→ **Your goal**: What is needed here is an exact repetition of the records below, beginning at the line that has "Flat Split Key Ring Nickel-Plated 1-1/4 Inch" and stopping after the line that has "Amazon.com: SMEG Espresso".

→ **Material to process**:
- Opening Delimiter -
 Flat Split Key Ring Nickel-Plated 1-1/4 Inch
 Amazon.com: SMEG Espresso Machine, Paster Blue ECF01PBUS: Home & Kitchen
- Closing Delimiter -
- Opening Delimiter -
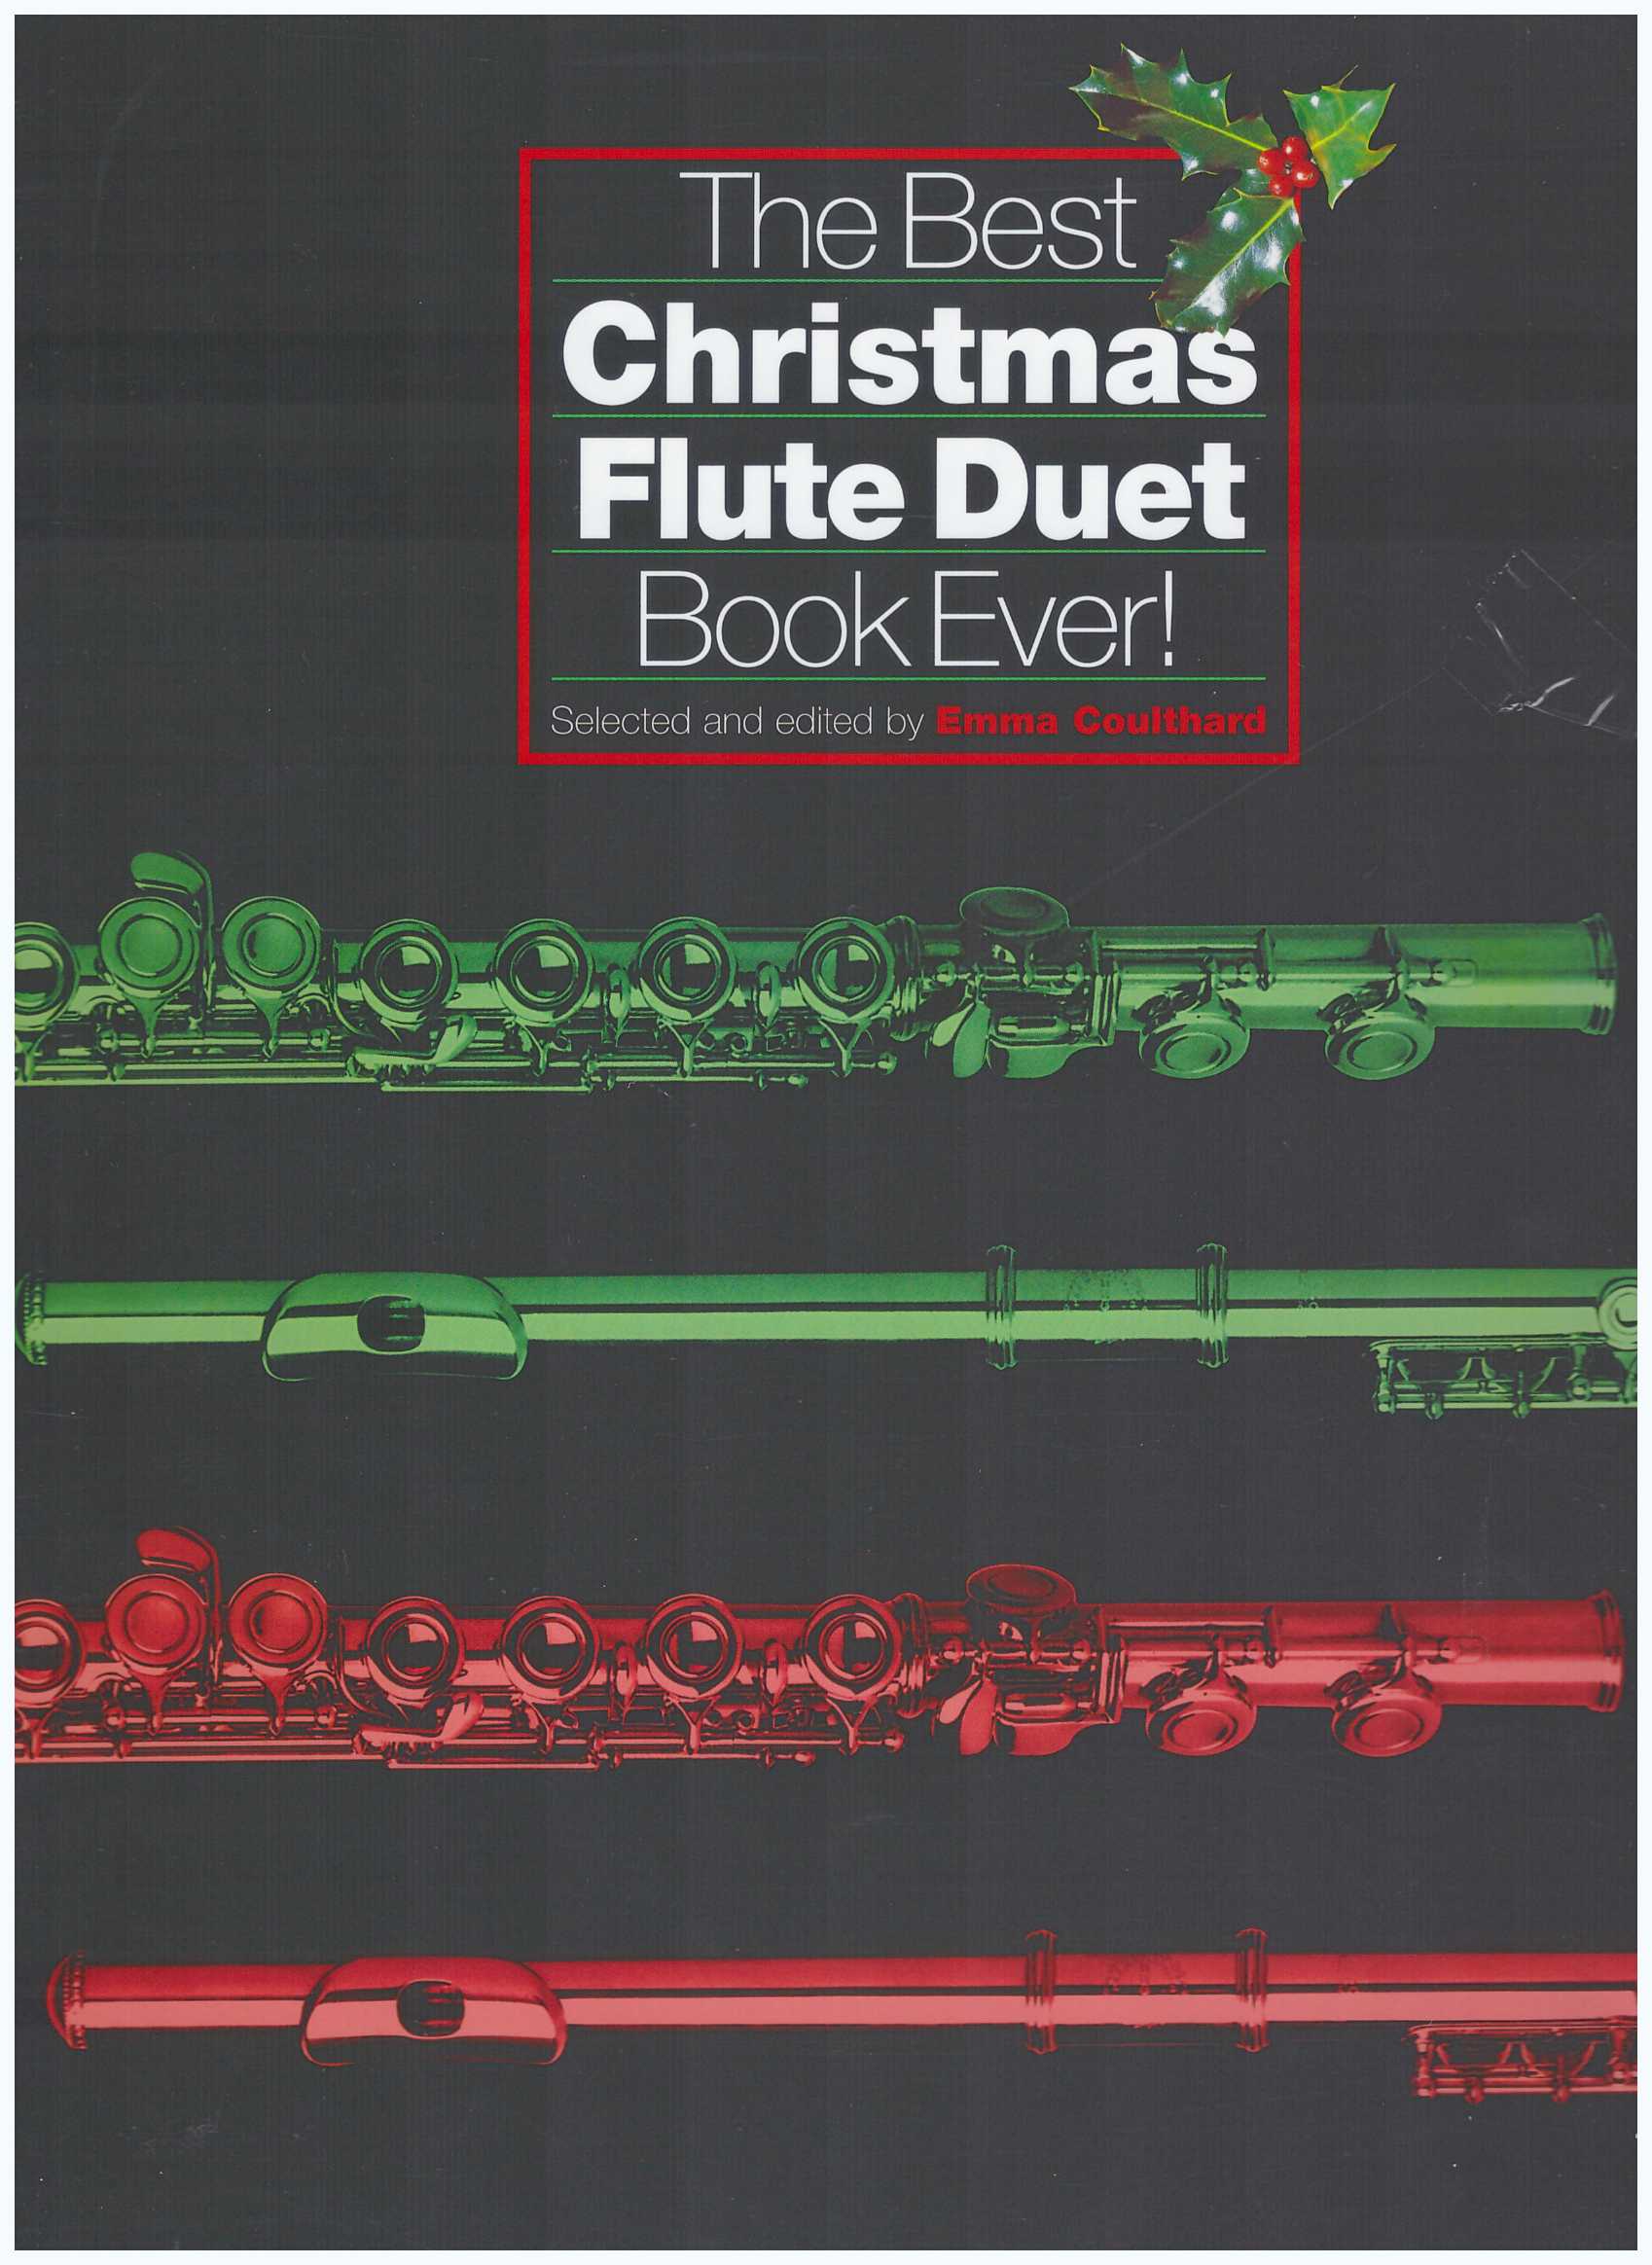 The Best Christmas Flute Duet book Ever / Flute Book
- Closing Delimiter -
- Opening Delimiter -
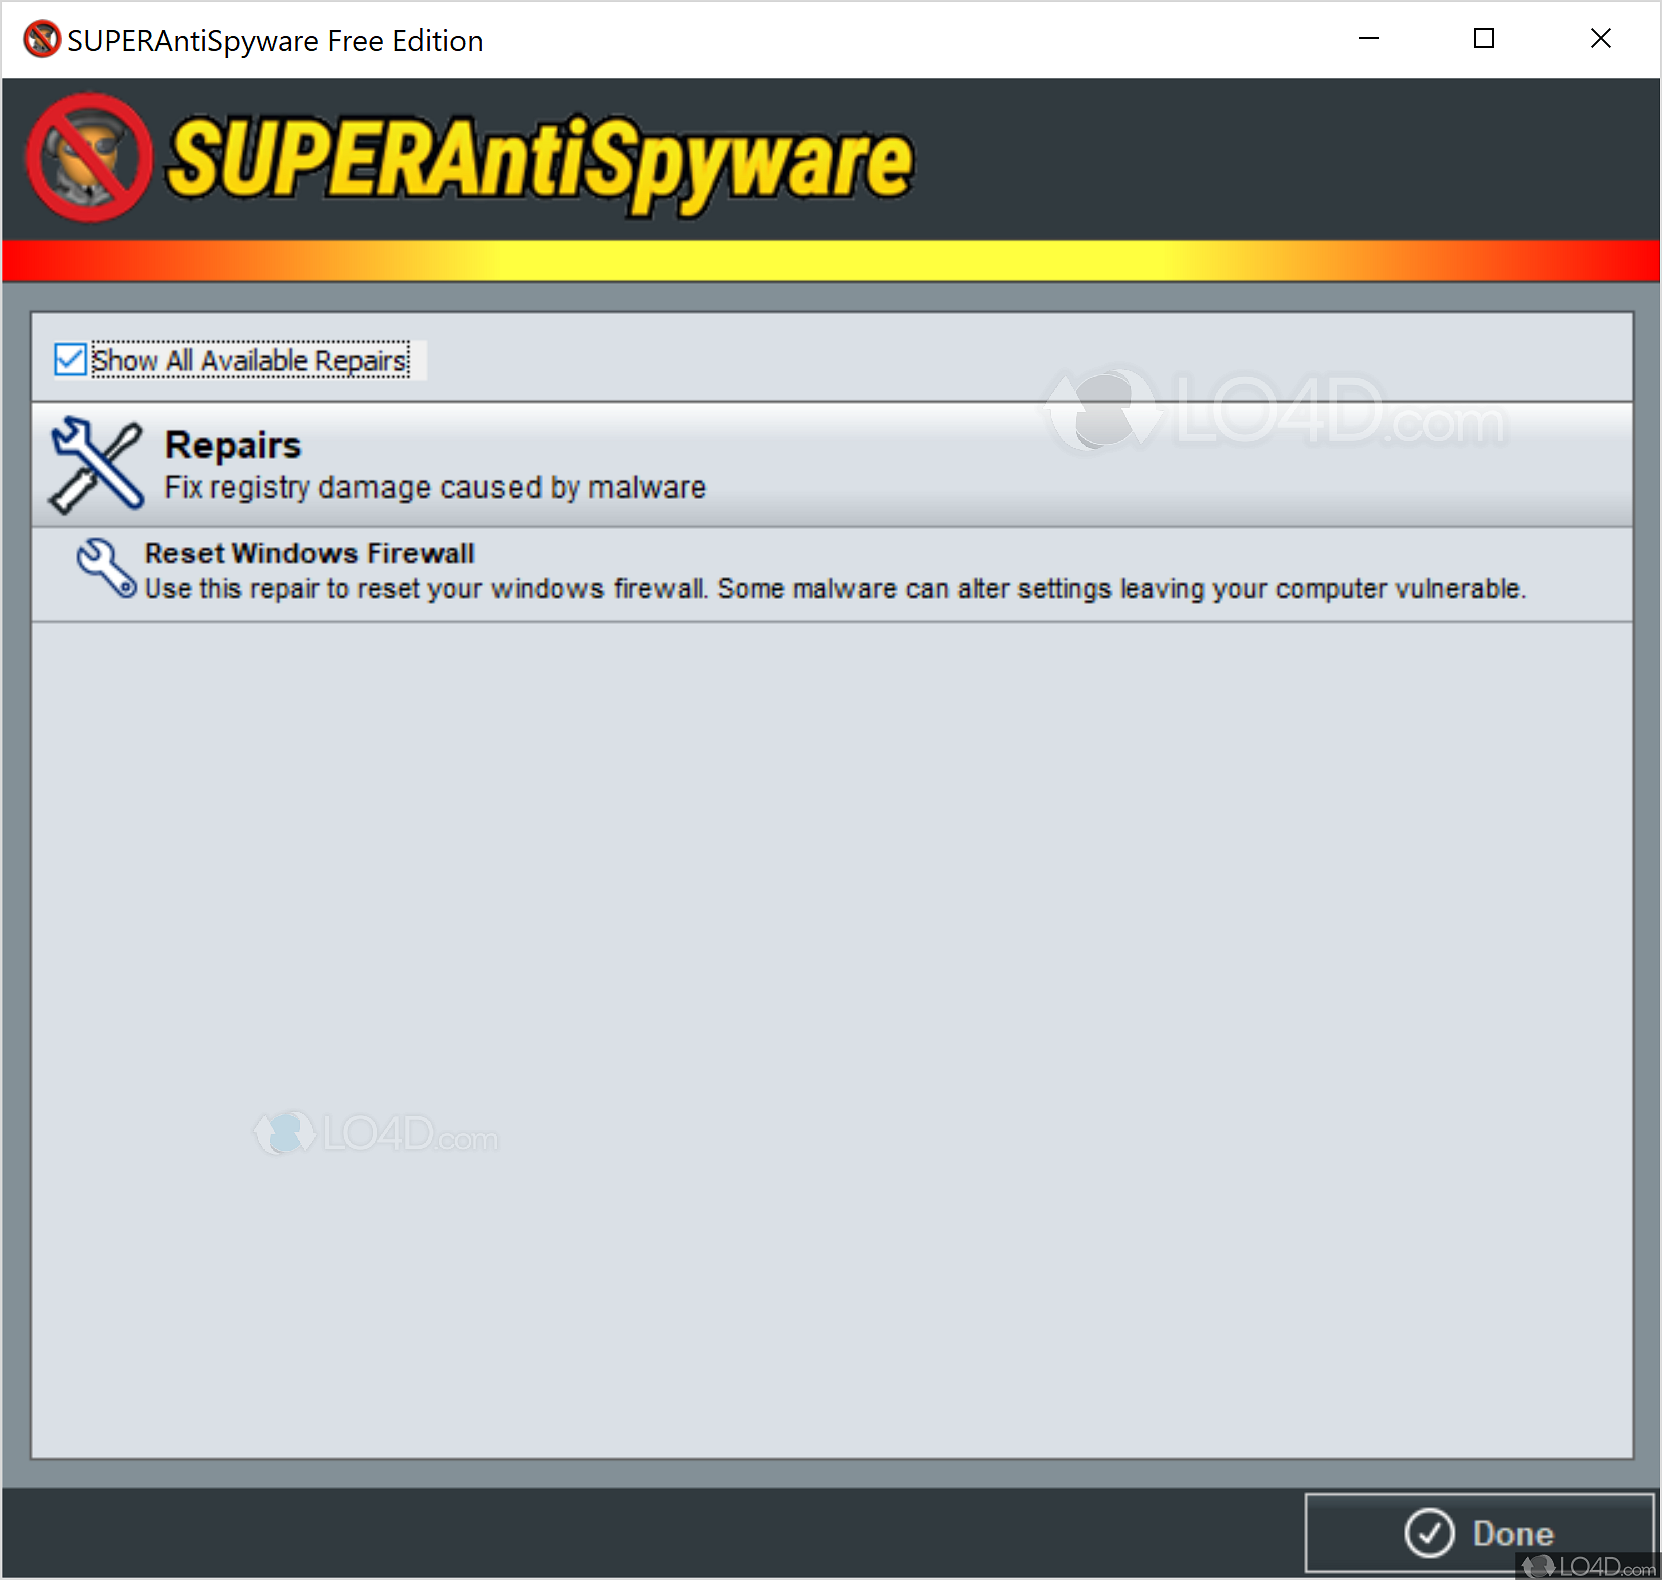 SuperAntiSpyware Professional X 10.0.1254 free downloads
- Closing Delimiter -
→ **Solution to this task**:
 Flat Split Key Ring Nickel-Plated 1-1/4 Inch
 Amazon.com: SMEG Espresso Machine, Paster Blue ECF01PBUS: Home & Kitchen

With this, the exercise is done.